··· INPUT

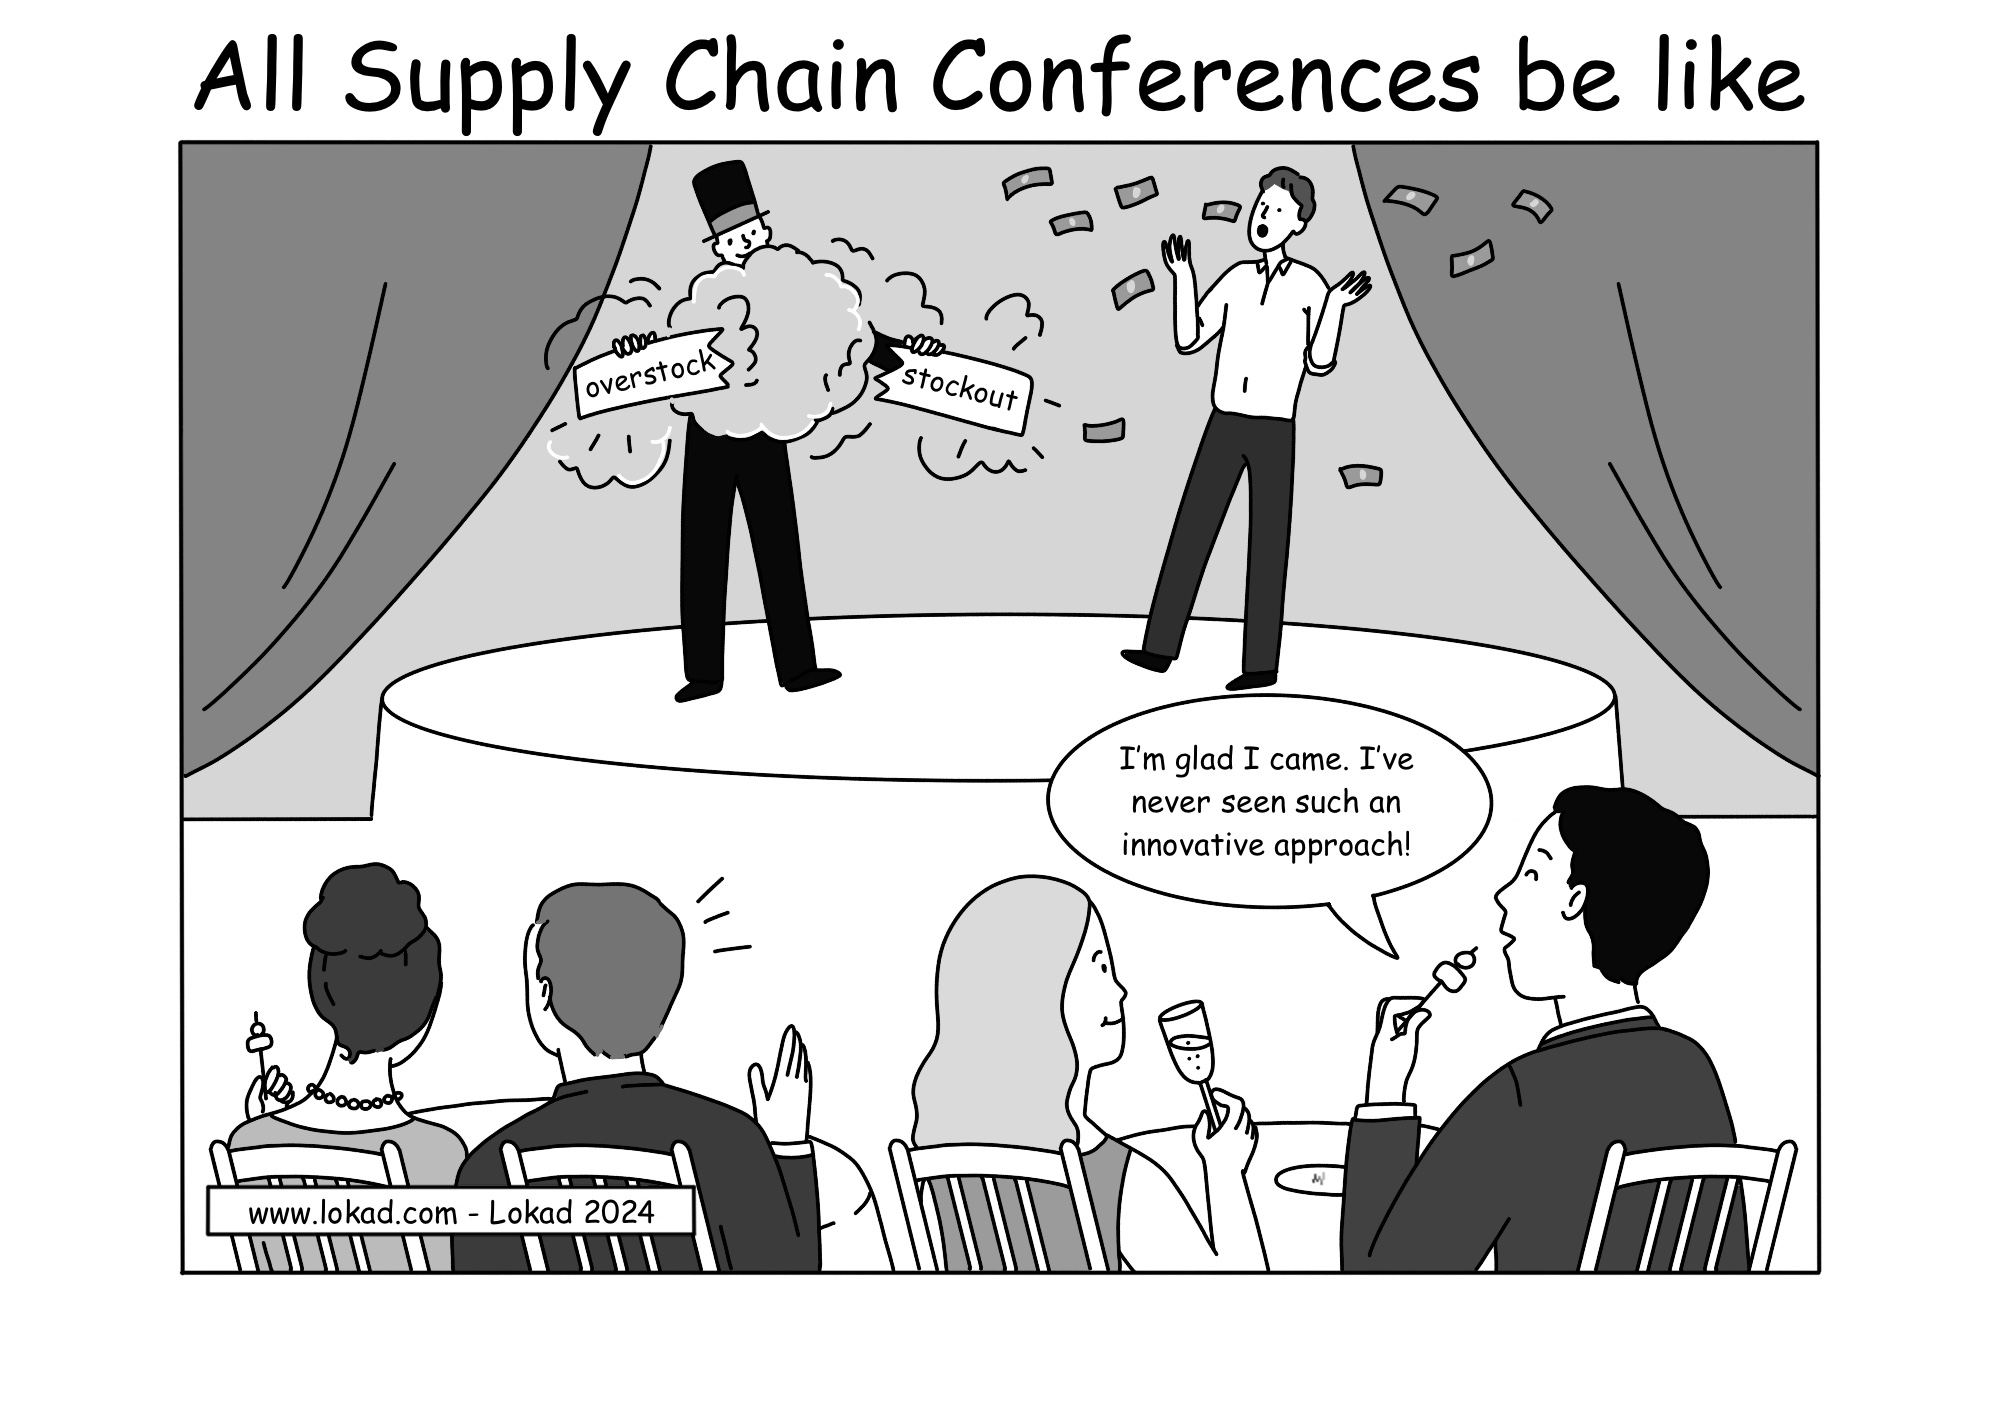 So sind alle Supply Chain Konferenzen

······
··· INPUT

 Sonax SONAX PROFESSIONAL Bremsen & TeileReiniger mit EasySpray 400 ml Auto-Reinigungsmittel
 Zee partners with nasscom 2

······
··· INPUT

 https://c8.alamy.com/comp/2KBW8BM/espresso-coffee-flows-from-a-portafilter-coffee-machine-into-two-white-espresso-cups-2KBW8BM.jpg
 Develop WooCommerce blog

······

### WHAT YOU ARE ASKED TO DO:
Taking the lines above, repeat exactly those from the line that contains "Sonax SONAX PROFESSIONAL" through the line that contains "Zee partners with nasscom 2", and both of those lines as well. Include nothing else.

### OUTPUT FOR THIS EXERCISE:
 Sonax SONAX PROFESSIONAL Bremsen & TeileReiniger mit EasySpray 400 ml Auto-Reinigungsmittel
 Zee partners with nasscom 2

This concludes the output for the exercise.